If you could have dinner with any fictional character, who would it be and why?
It would be Merricat from Shirley Jackson’s We Have Always Lived in the Castle. One of the things I miss the most about working with children is being immersed in their magical thinking, and although Merricat is eighteen, her preoccupation with sympathetic magic makes her feel much younger. She observes the world through an extraordinary lens of superstitions, rituals and insanity, and I imagine her mind to be a spellbinding, intoxicating place to be. Being privy to a ‘behind closed doors’ experience of the house Merricat shares with her sister and her uncle would feel like a delicious opportunity, but those who’ve read the book will understand when I say, I’m not sure I’d be eating very much of the food, especially if Merricat had prepared it!

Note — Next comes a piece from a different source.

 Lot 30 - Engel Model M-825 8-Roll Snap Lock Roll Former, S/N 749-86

Which authors do you most admire?
My writing is very psychological in its nature so I admire authors who utilize the physical landscape to mirror emotional states in their characters. Emily Brontë does this so beautifully in Wuthering Heights as does Hannah Kent in Burial Rites. I admire Shirley Jackson for writing with perfect restraint and slowly turning the screws. And Roald Dahl and Nabokov for their wordplay and literary allusions – their love of alchemizing language is so evident and makes reading their work so joyful.
What is the last book you read and loved?

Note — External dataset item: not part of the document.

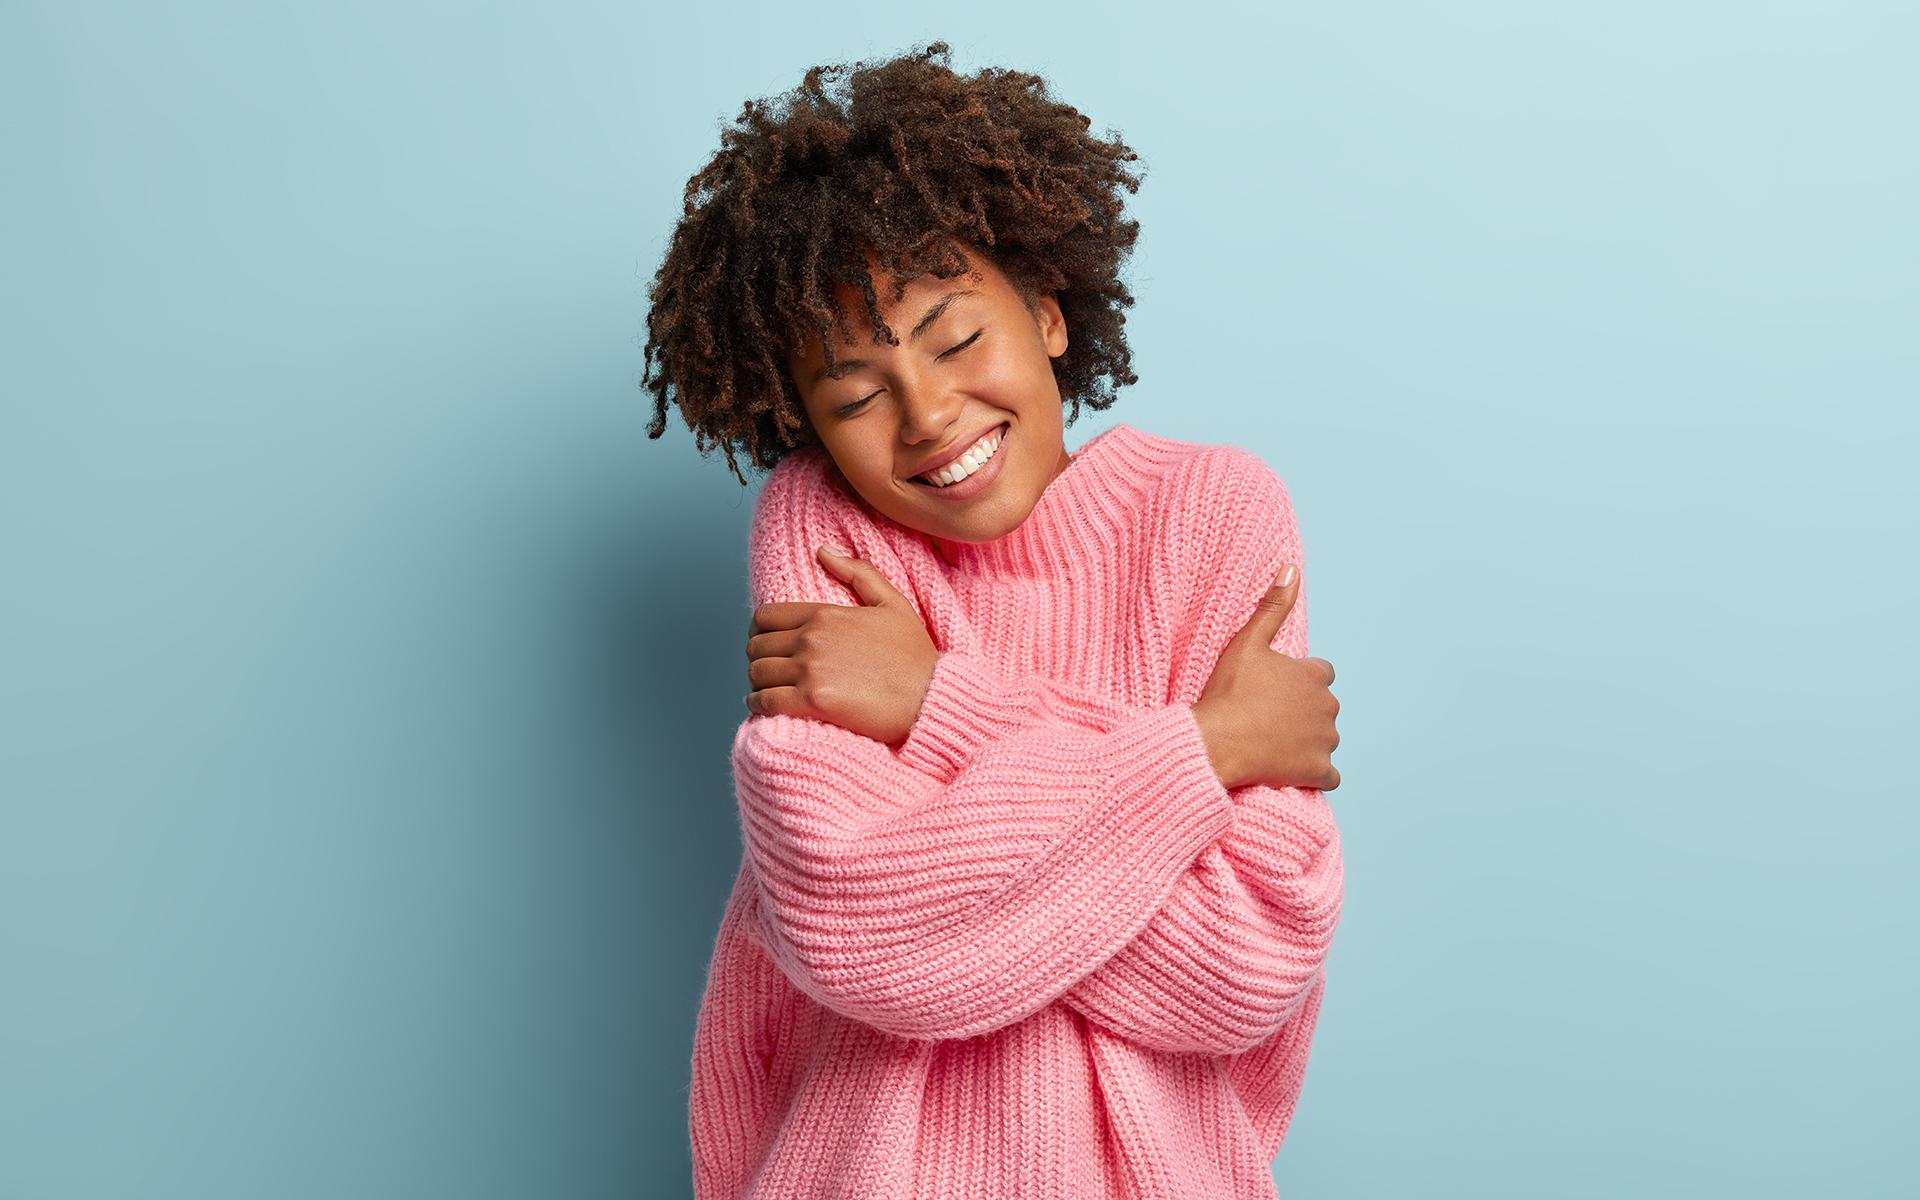 Αυτοφροντίδα: Αγάπησε και φρόντισε τον εαυτό σου

Foxlowe by Eleanor Wasserberg. A gothic and chilling tale that thrusts you into the heart of a Utopian commune gone wrong. I love that Wasserberg uses a child narrator and although she doesn’t shy away from complex and disturbing issues, she handles them with sensitivity. I found her use of language on one hand, to be playful, naming the children Green, Blue, Pet and Egg, whilst also sophisticated and layered when describing the environment and emotional responses. A seriously accomplished debut.